Logo Questions Linux Laravel Mysql Ubuntu Git Menu
 

MySQL: How does groupby work on columns without aggregate functions?

Tags:

mysql

group-by

I am somewhat confused about how the group by command works in mysql.

Suppose I have a table:

mysql> select recordID, IPAddress, date, httpMethod from Log_Analysis_Records_dalhousieShort;                   
+----------+-----------------+---------------------+-------------------------------------------------+
| recordID | IPAddress       | date                | httpMethod                                      |
+----------+-----------------+---------------------+-------------------------------------------------+
|        1 | 64.68.88.22     | 2003-07-09 00:00:21 | GET /news/science/cancer.shtml HTTP/1.0         | 
|        2 | 64.68.88.166    | 2003-07-09 00:00:55 | GET /news/internet/xml.shtml HTTP/1.0           | 
|        3 | 129.173.177.214 | 2003-07-09 00:01:23 | GET / HTTP/1.1                                  | 
|        4 | 129.173.177.214 | 2003-07-09 00:01:23 | GET /include/fcs_style.css HTTP/1.1             | 
|        5 | 129.173.177.214 | 2003-07-09 00:01:23 | GET /include/main_page.css HTTP/1.1             | 
|        6 | 129.173.177.214 | 2003-07-09 00:01:23 | GET /images/bigportaltopbanner.gif HTTP/1.1     | 
|        7 | 129.173.177.214 | 2003-07-09 00:01:23 | GET /images/right_1.jpg HTTP/1.1                | 
|        8 | 64.68.88.165    | 2003-07-09 00:02:43 | GET /studentservices/responsible.shtml HTTP/1.0 | 
|        9 | 64.68.88.165    | 2003-07-09 00:02:44 | GET /news/sports/basketball.shtml HTTP/1.0      | 
|       10 | 64.68.88.34     | 2003-07-09 00:02:46 | GET /news/science/space.shtml HTTP/1.0          | 
|       11 | 129.173.159.98  | 2003-07-09 00:03:46 | GET / HTTP/1.1                                  | 
|       12 | 129.173.159.98  | 2003-07-09 00:03:46 | GET /include/fcs_style.css HTTP/1.1             | 
|       13 | 129.173.159.98  | 2003-07-09 00:03:46 | GET /include/main_page.css HTTP/1.1             | 
|       14 | 129.173.159.98  | 2003-07-09 00:03:48 | GET /images/bigportaltopbanner.gif HTTP/1.1     | 
|       15 | 129.173.159.98  | 2003-07-09 00:03:48 | GET /images/left_1g.jpg HTTP/1.1                | 
|       16 | 129.173.159.98  | 2003-07-09 00:03:48 | GET /images/webcam.gif HTTP/1.1                 | 
+----------+-----------------+---------------------+-------------------------------------------------+

When I am execute this statement how does it choose which recordID to include since there are a range of recordIDs that would be correct? Does it just choose the first one that matches?
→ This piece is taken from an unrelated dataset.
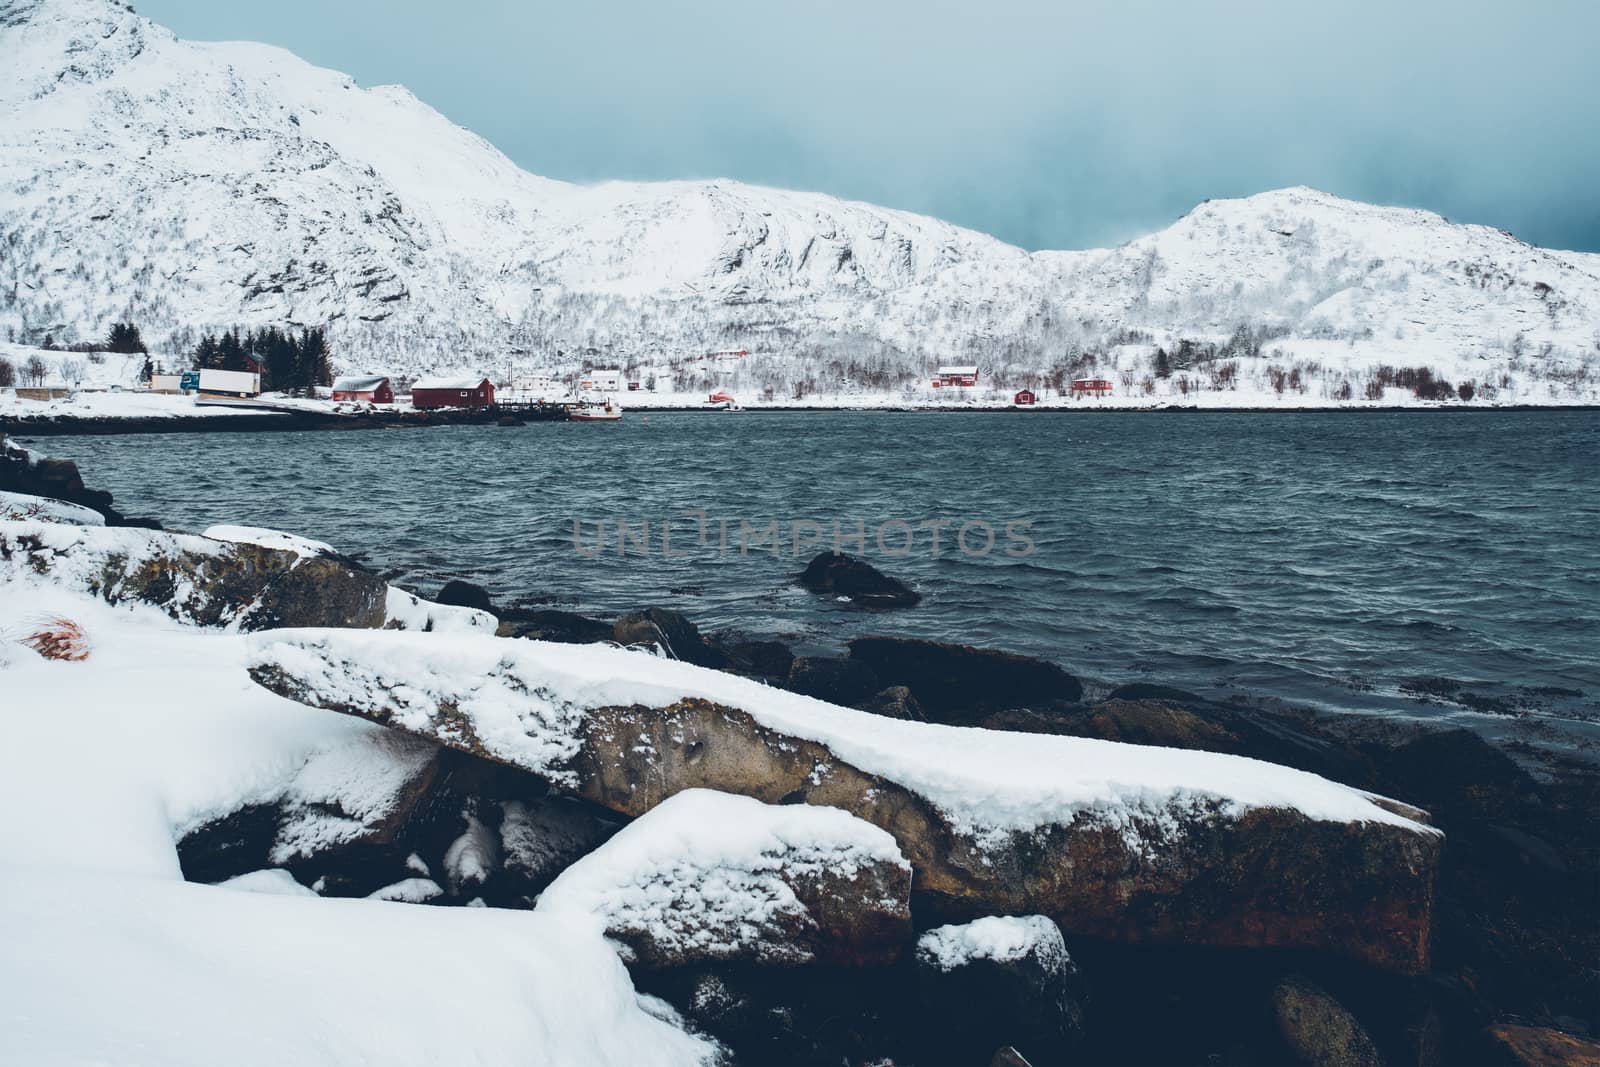 Norwegian fjord with red rorbu houses in Norway in winter by dimol

mysql> select recordID, IPAddress, date, httpMethod from Log_Analysis_Records_dalhousieShort GROUP BY IPADDRESS;
+----------+-----------------+---------------------+-------------------------------------------------+
| recordID | IPAddress       | date                | httpMethod                                      |
+----------+-----------------+---------------------+-------------------------------------------------+
|       11 | 129.173.159.98  | 2003-07-09 00:03:46 | GET / HTTP/1.1                                  | 
|        3 | 129.173.177.214 | 2003-07-09 00:01:23 | GET / HTTP/1.1                                  | 
|        8 | 64.68.88.165    | 2003-07-09 00:02:43 | GET /studentservices/responsible.shtml HTTP/1.0 | 
|        2 | 64.68.88.166    | 2003-07-09 00:00:55 | GET /news/internet/xml.shtml HTTP/1.0           | 
|        1 | 64.68.88.22     | 2003-07-09 00:00:21 | GET /news/science/cancer.shtml HTTP/1.0         | 
|       10 | 64.68.88.34     | 2003-07-09 00:02:46 | GET /news/science/space.shtml HTTP/1.0          | 
+----------+-----------------+---------------------+-------------------------------------------------+
6 rows in set (0.00 sec)

For this table the max(date) and min(date) values seem logical to me but I am confused about how the recordID and httpMethod where chosen.

Is it safe use two aggregate functions in one command?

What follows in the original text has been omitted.